Russell Brower is an American music composer and three-time Emmy Award-winning sound designer who has created sounds for Tiny Toon Adventures, Animaniacs and Batman: The Animated Series, and video game music for games including Joint Operations: Typhoon Rising, World of Warcraft, StarCraft II, Diablo III and Arena of Valor. He was previously the Director of Audio/Video for Blizzard Entertainment, the sound designer/editor at Warner Bros. Animation and DiC Entertainment, the Audio Director at NovaLogic, and the Principal Media Designer and Music Director at Walt Disney Imagineering.

"Invincible", from his score for World of Warcraft: Wrath of the Lich King, made its first appearance in the Classic FM Hall of Fame Top 300 in April 2014 at no 52. It was Brower's first appearance in the Hall of Fame.

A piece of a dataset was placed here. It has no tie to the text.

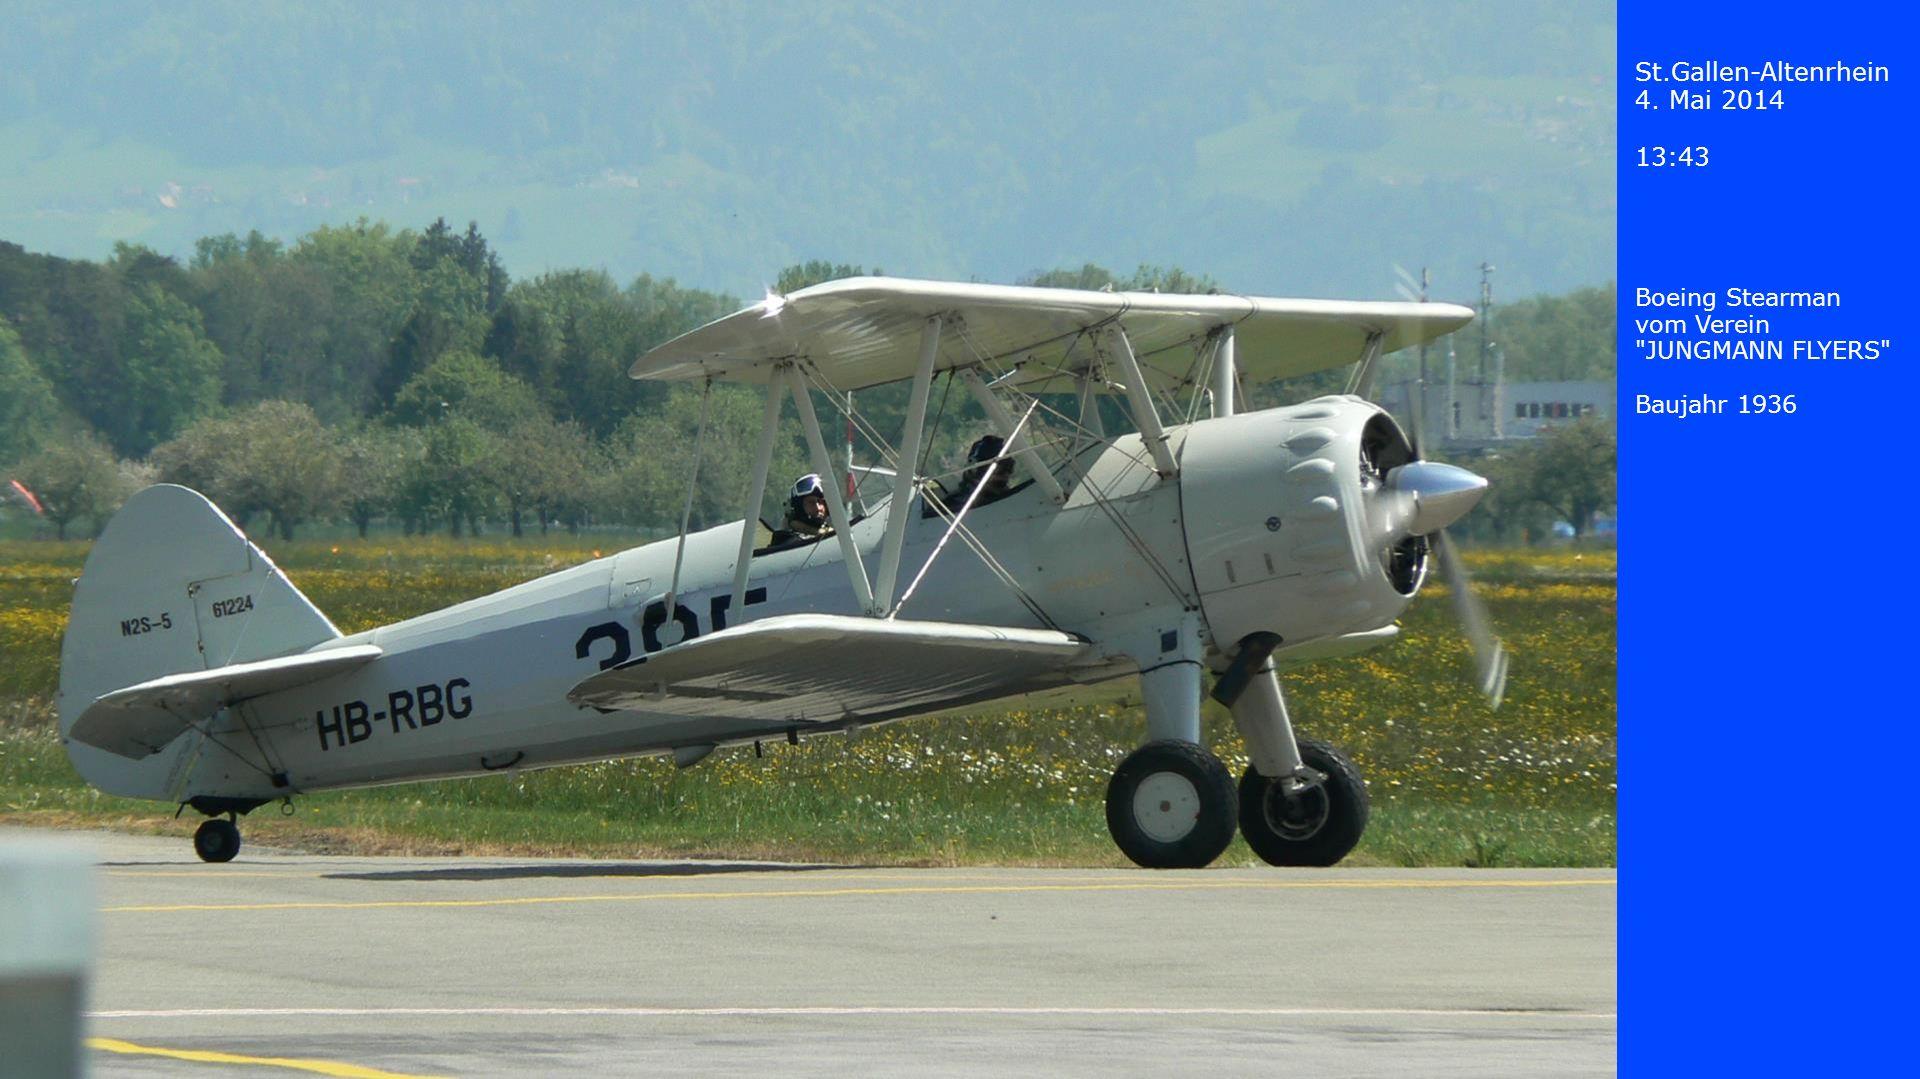 St.Gallen-Altenrhein 4.Mai 2014 13:44 Jakowlew Jak-52, ein damals sowjetisches Schulungsflugzeug.

On July 21, 2017, he announced that his position as the Sr. Audio Director/Composer at Blizzard Entertainment was eliminated. At the time he left he stated he may contribute as a freelance composer, but since then has referred to Blizzard's environment as toxic in response to the lawsuit alleging a "frat boy" culture with sexual harassment at Blizzard.

== Work ==
- Arena of Valor: The Return of Volkath (2019)
- Delta Force: Black Hawk Down (2003)
- Diablo III (2012)
- Diablo III: Reaper of Souls (2014)
- Dota 2: The International 2019 Music Pack (2019)
- Hearthstone (2014)
- Joint Operations: Typhoon Rising (2004)
- StarCraft II: Wings of Liberty (2010)
- StarCraft II: Heart of the Swarm (2013)
- World of Warcraft: The Burning Crusade (2007)
- World of Warcraft: Wrath of the Lich King (2008)
- World of Warcraft: Cataclysm (2010)
- World of Warcraft: Mists of Pandaria (2012)
- World of Warcraft: Warlords of Draenor (2014)
- World of Warcraft: Legion (2016)
- Tarisland (2024)
- World of Warcraft: Midnight (2026)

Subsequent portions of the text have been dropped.